Honestly, the bad press (if legitimate) is a symptom... the disease is this company's business practices, and if you want to give them great advice, advise them to fix what's wrong with their business practices so that the bad press subsides.

Your affiliate concept is the equivalent of a quack cure for cancer. It might cover things up and mask the symptoms for a little while, but the "tumor" will rear itself again unless the disease is cured.

Make sense?

JollyK

6:08 am on Feb 12, 2006 (gmt 0)

10+ Year Member



Actually, on the one hand, I understand why people don't want to compete with their affiliates for their own brand, but honestly, if Mr. Big Corporation can't manage to optimize their OWN site enough with all their millions, then I think the affiliates who can should be able to do so.

I can see policies against outbidding the Brand owner on PPC ads, but on the other hand, if your affiliates are outbidding you, you're getting free advertising!

Heck, I'd be tempted to drop all my *direct* ppc ads if I had affiliates outbidding me. :-)

I've done the affiliate PPC thing on one or two items where the company did allow you to do it as long as you didn't bid more than 10 cents a click (or some other limit) and I still managed to outrank the company's own PPC ads (at least on Google). So, they get visitors they didn't pay for, and I get a commission. Is that so bad for everyone?

I can see it both ways, but I've been more on the affiliate end than on the other, so my attitude there is something along the lines of, "DUDE! I'm working FOR you! I'm selling FOR you! Where does 'competition' come in?" I consider affiliates like outside sales, and think it's silly to tie the hands of your sales force.

I do agree that doing it as a coverup is probably not the greatest idea, but I'm all for unleashing your affiliates in general. :-)

JK

SteveJohnston

7:20 pm on Feb 12, 2006 (gmt 0)

10+ Year Member



Hey Swirl,

Yes that all makes sense and I agree in principle. The bad press is legitimate, and the business practices under review. They operate in a difficult area that is highly regulated so it is easy to get noticed even if you simply screw up. So, yes this tactic may cover the bad press for a while and it may return, but they may be happy with such a tactical effect.

JK, thanks for the input.

Guys is $100 unusually big?

Steve

JollyK

8:44 pm on Feb 12, 2006 (gmt 0)

10+ Year Member



Steve, it depends on the industry. I'm affiliated with a few companies in whose industries it's not unusual to pay an affiliate around $100 per acquired customer, even if that person doesn't stay a customer for more than a month and even though $100 is MORE than one-year's worth of what that customer pays for the service.
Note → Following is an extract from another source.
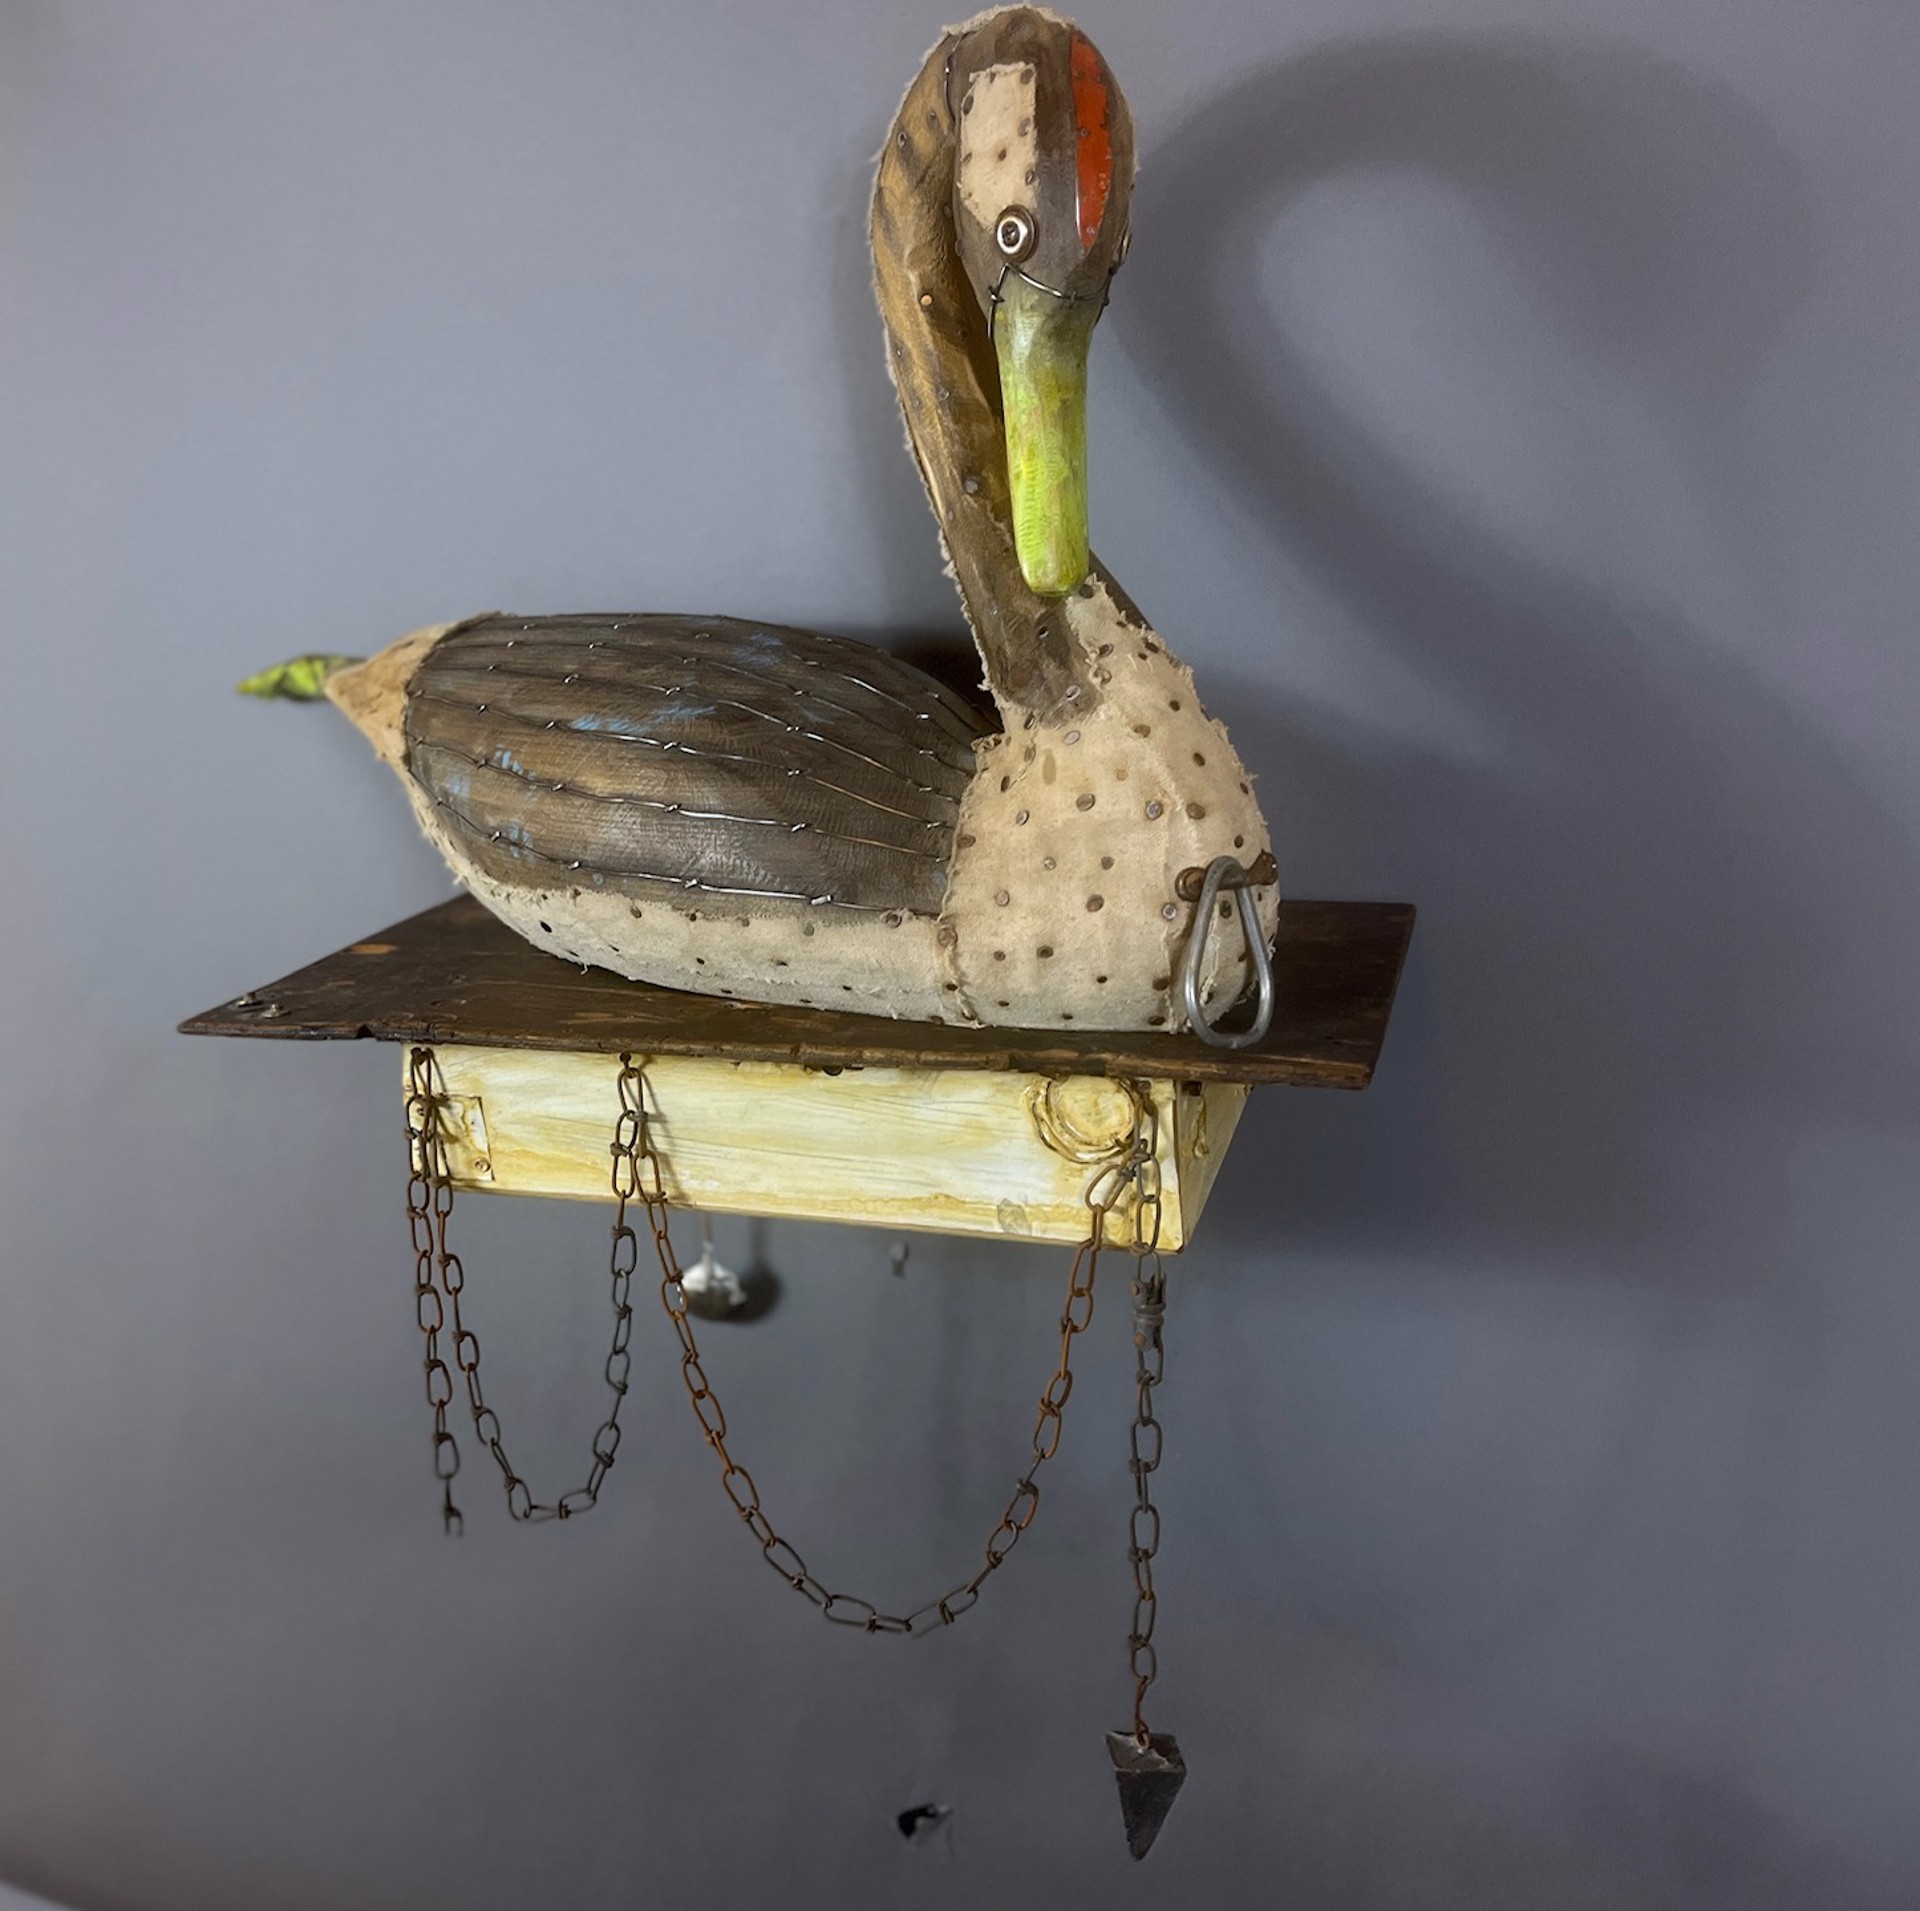 The Shy Swan by Geoffrey Gorman

That's defining "acquired customer" as someone who actually purchases.

If you define "acquired customer" as someone who signs up for your mailing list or for more info (basically, a "lead,") then $100 is a bit rare (at least in my limited experience), but again, it depends on the industry.

If you haven't already done so, you might want to look at people in the same or similar industry, see if any of them have affiliate programs, and if so, see what they pay. You may only have to offer $50 if everyone else is offering $10. That kind of thing.